(Exercise aim): Shown below are entries with pictures; the line with "Lot 2 New Martin" through the line with "Strawberry & mango" is the span to retype exactly, and the pictures stay out.

(Supplied records):
+ + +
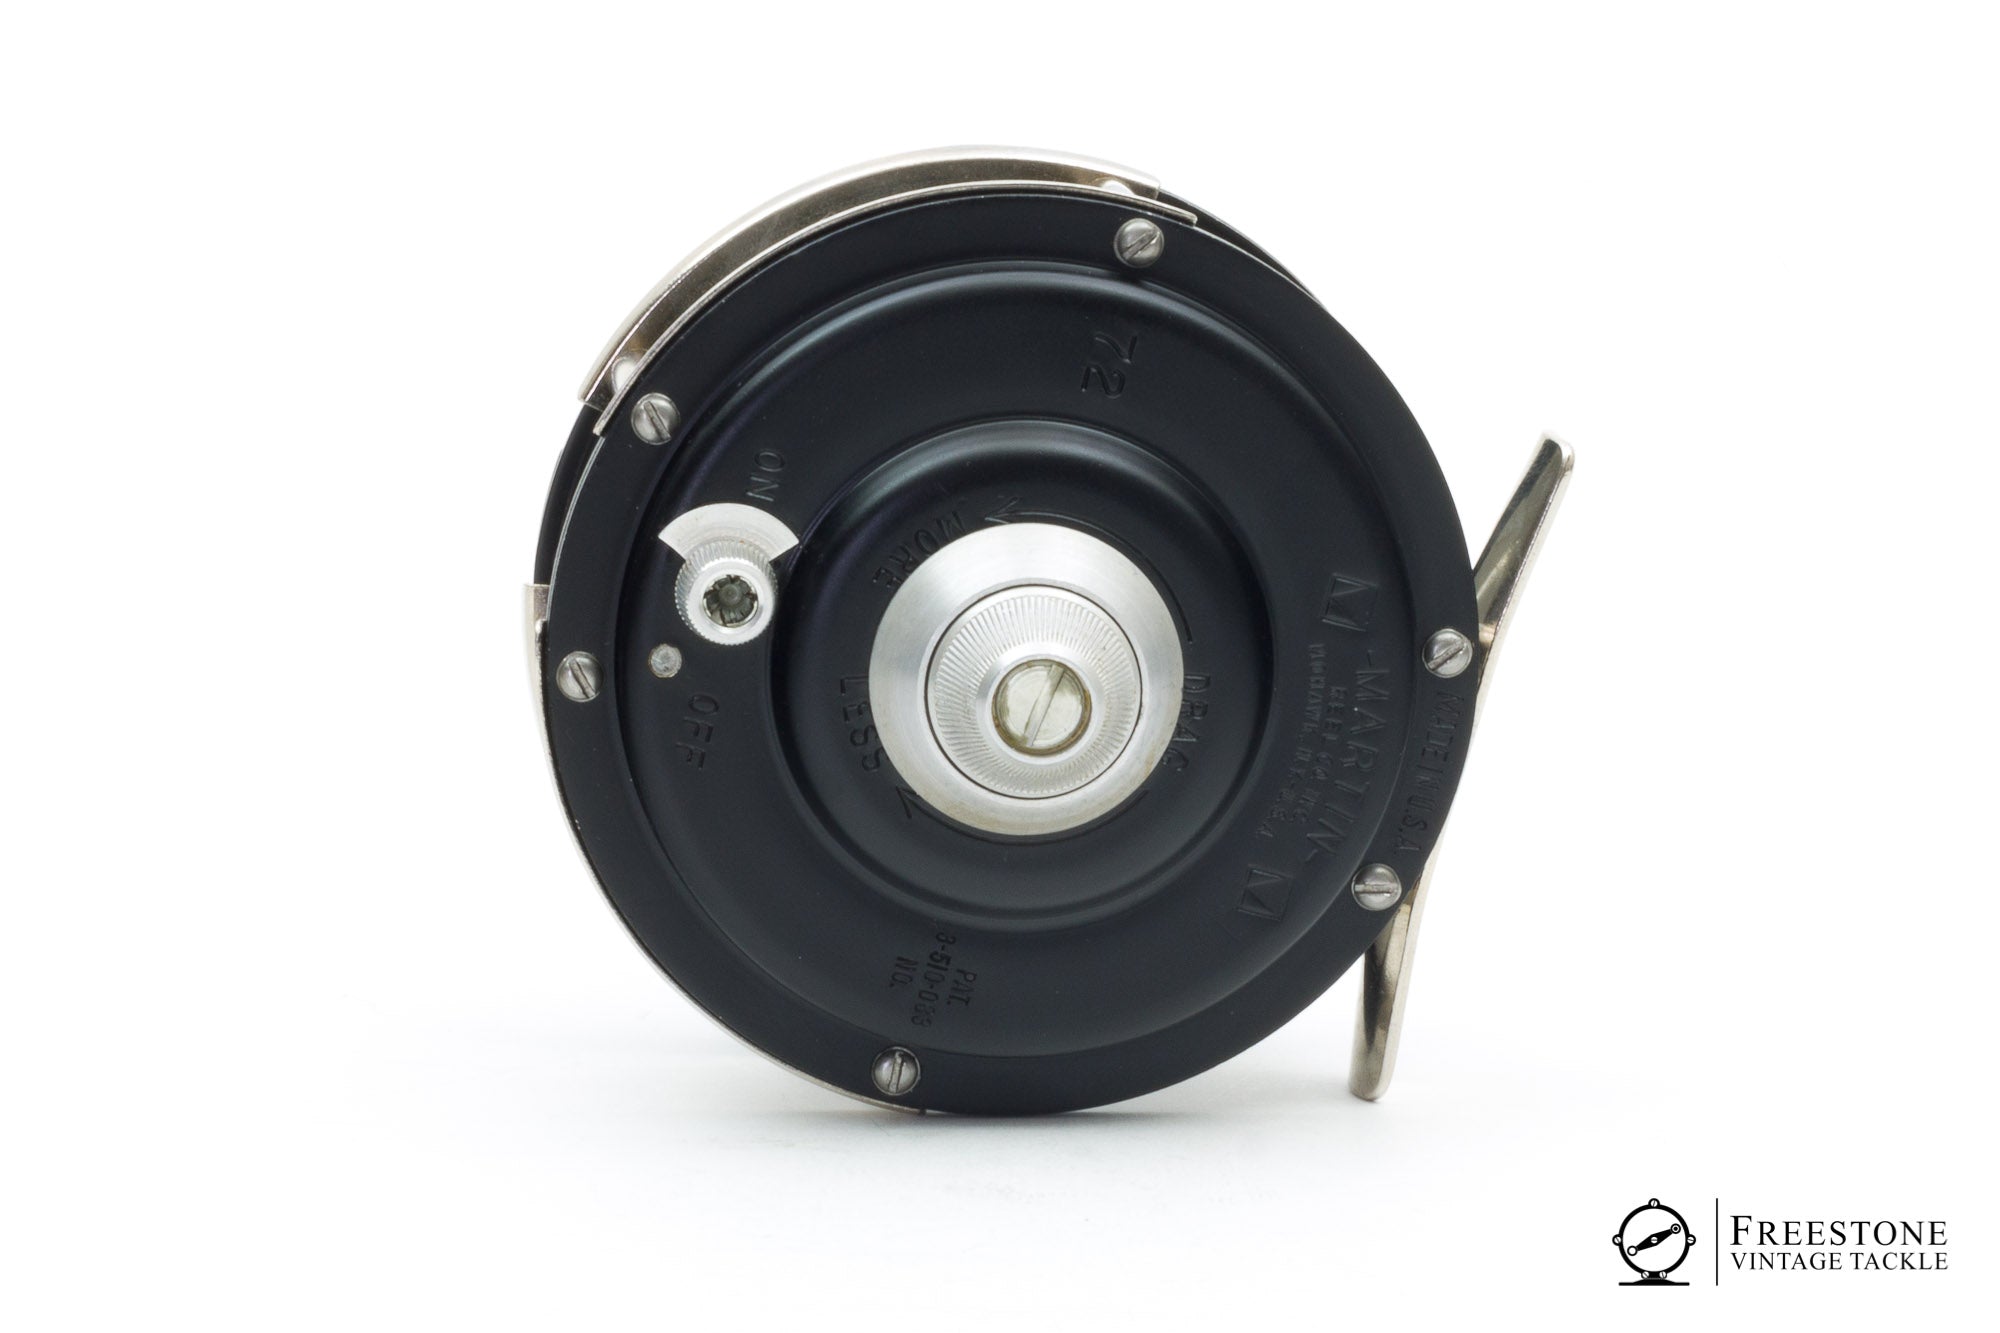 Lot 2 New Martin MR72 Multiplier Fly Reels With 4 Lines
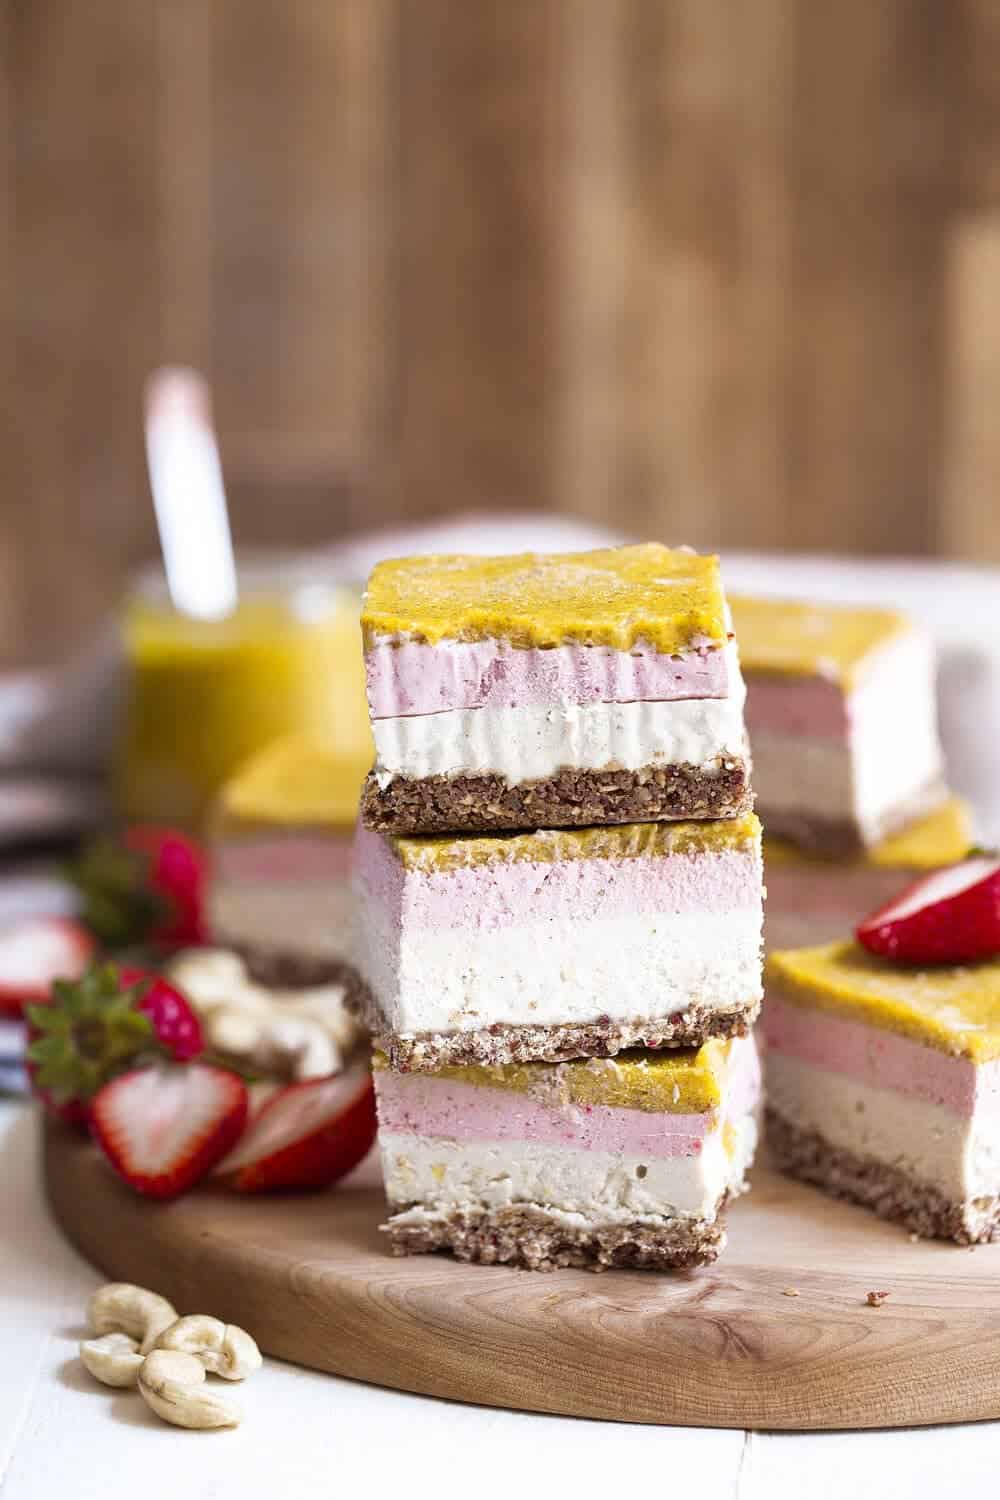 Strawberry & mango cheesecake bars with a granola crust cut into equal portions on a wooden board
+ + +
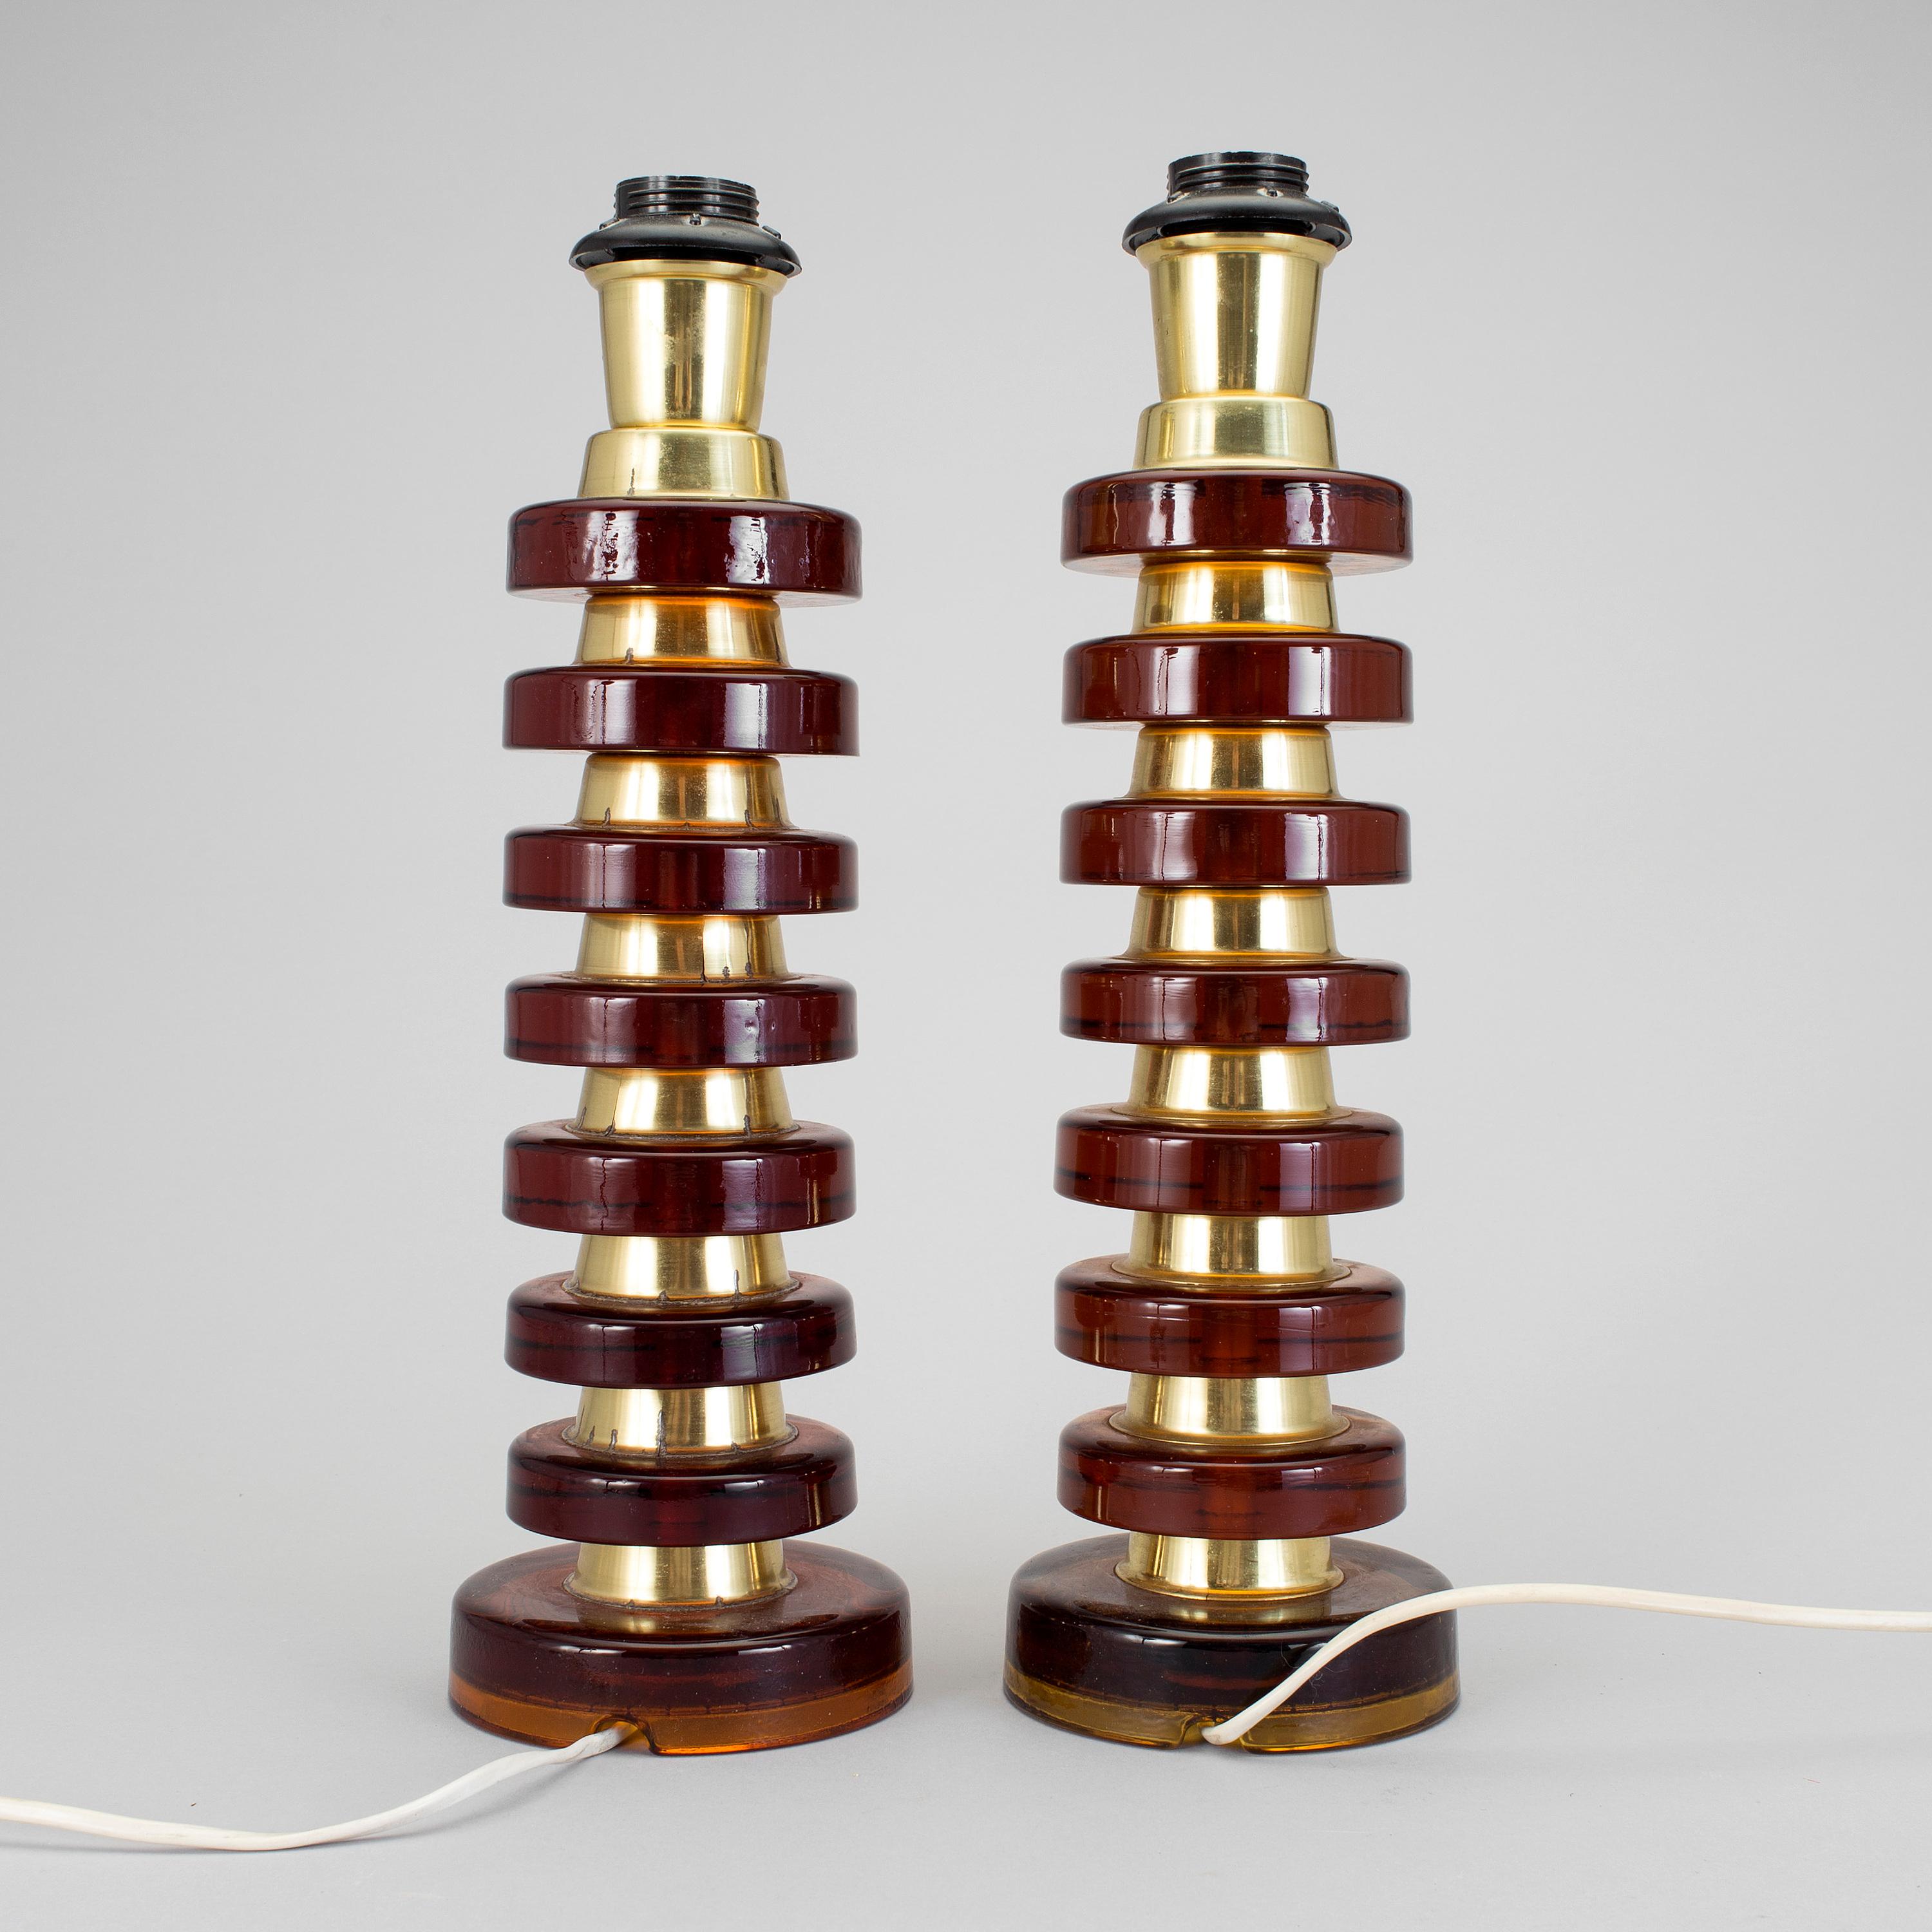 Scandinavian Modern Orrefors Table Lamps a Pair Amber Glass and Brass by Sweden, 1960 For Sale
+ + +
(Your solution):
 Lot 2 New Martin MR72 Multiplier Fly Reels With 4 Lines
 Strawberry & mango cheesecake bars with a granola crust cut into equal portions on a wooden board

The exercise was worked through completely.